Vietnam recorded its largest trade deficit on record in May 2024 as inbound shipments surged [1].
This economic shift occurs as the U.S. government increases scrutiny of Vietnam's trade practices, creating a dual challenge for the Southeast Asian nation's financial stability and its relationship with a primary trading partner.
Trade authorities said that inbound shipments increased 33.8% in May [1]. This surge was driven largely by rising global prices for raw materials, which pushed the deficit to an unprecedented level [1].
Simultaneously, the U.S. has signaled that new tariffs may be imposed on Vietnamese goods. On May 30, 2024, the U.S. announced an investigation into the country's intellectual property practices [2].

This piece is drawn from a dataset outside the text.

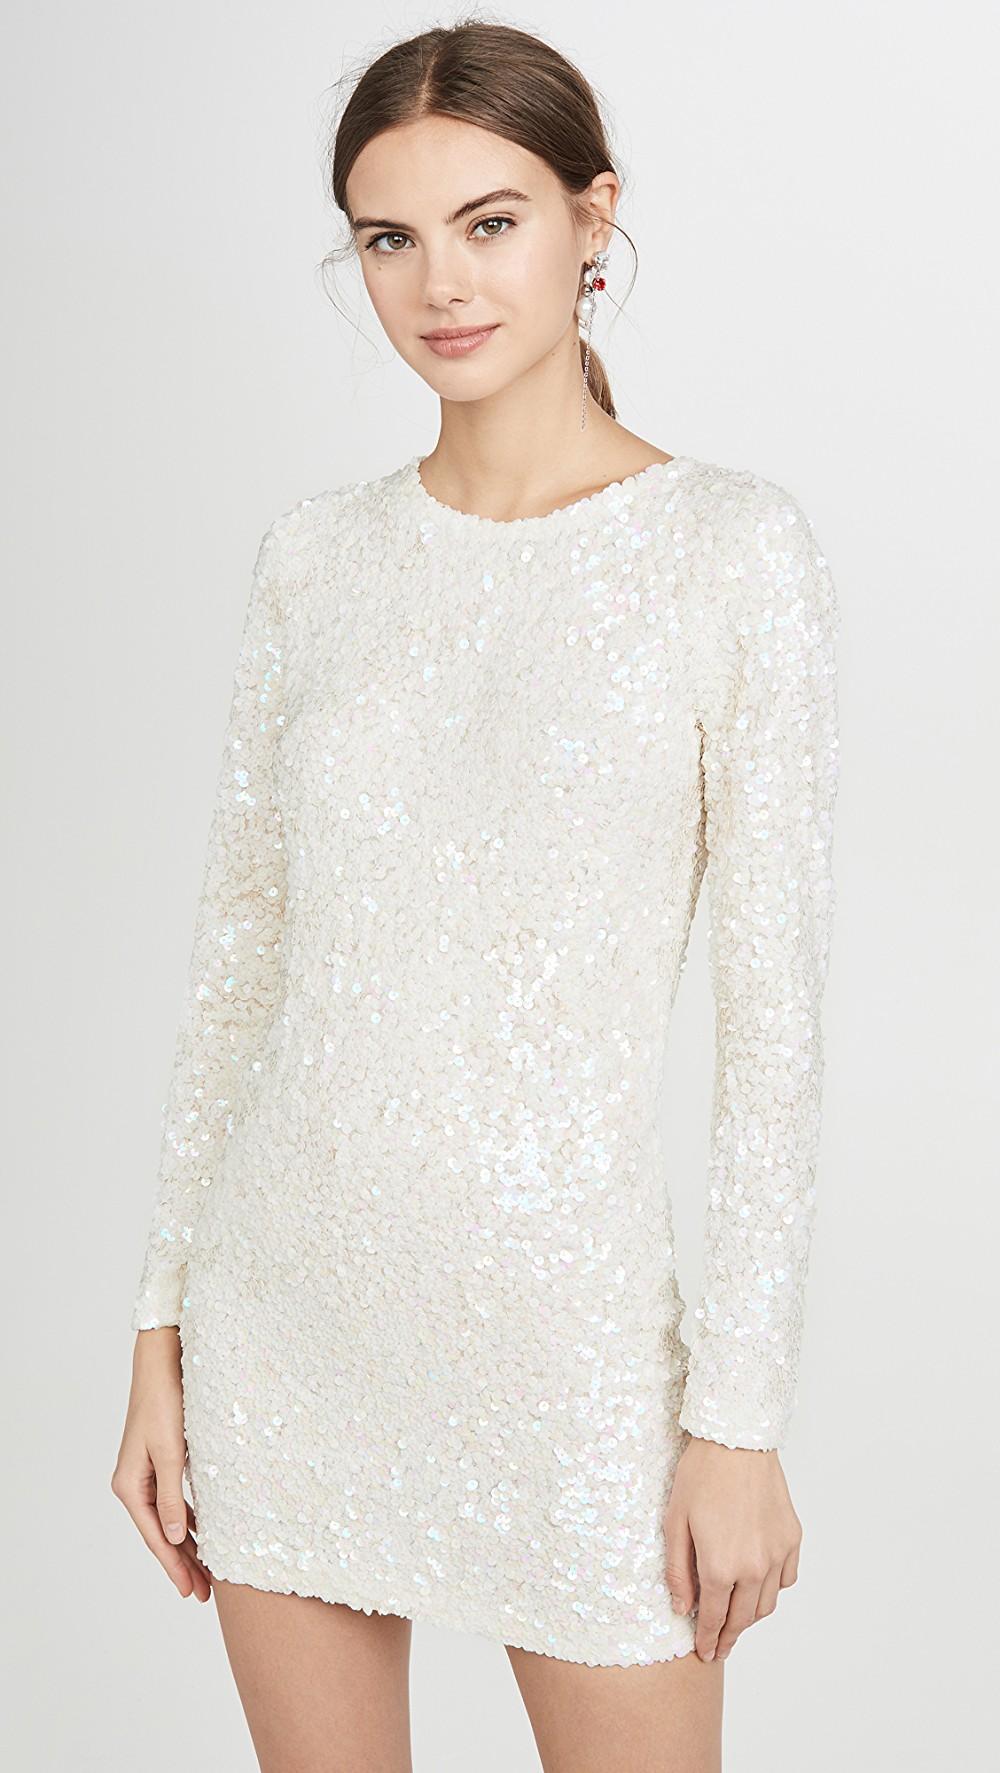 Ashish Sequin Long Sleeve Dress Long Sleeve Sequin Dress Long Sleeve Dress Sequin Mini Dress [ 1773 x 1000 Pixel ]
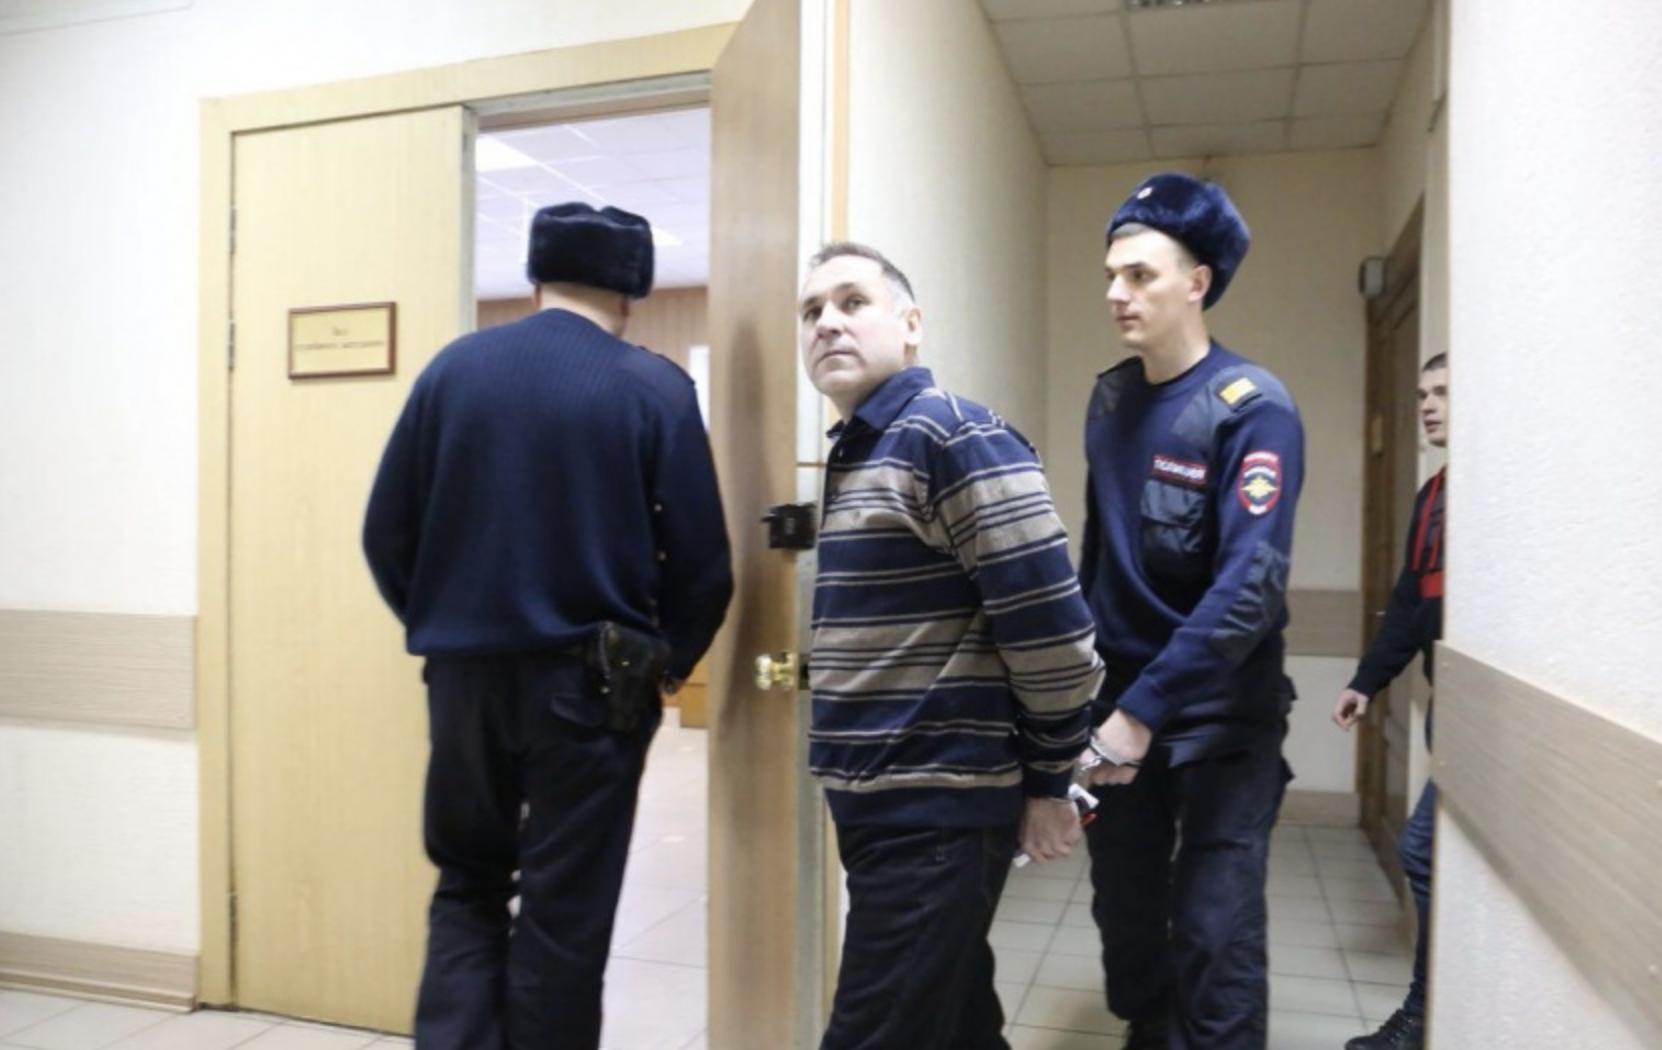 Евгения Чуплинского заводят в зал суда. Фото © НГС.Новости

The investigation focuses on how Vietnam enforces intellectual property laws. U.S. officials said that failure to protect these rights could lead to trade penalties, a move that would further complicate Vietnam's trade balance.
Vietnam has positioned itself as a critical alternative to China for global manufacturing. However, the combination of record-high import costs and the threat of U.S. tariffs creates significant volatility for the government and local trade authorities [1], [2].
“Vietnam recorded its largest trade deficit on record in May 2024”
The convergence of a record trade deficit and U.S. regulatory pressure suggests that Vietnam's rapid growth as a manufacturing hub is facing systemic friction. While the deficit reflects global commodity price swings, the U.S. investigation into intellectual property indicates a shift toward stricter enforcement of trade standards, which could limit Vietnam's ability to attract high-tech investment if tariffs are implemented.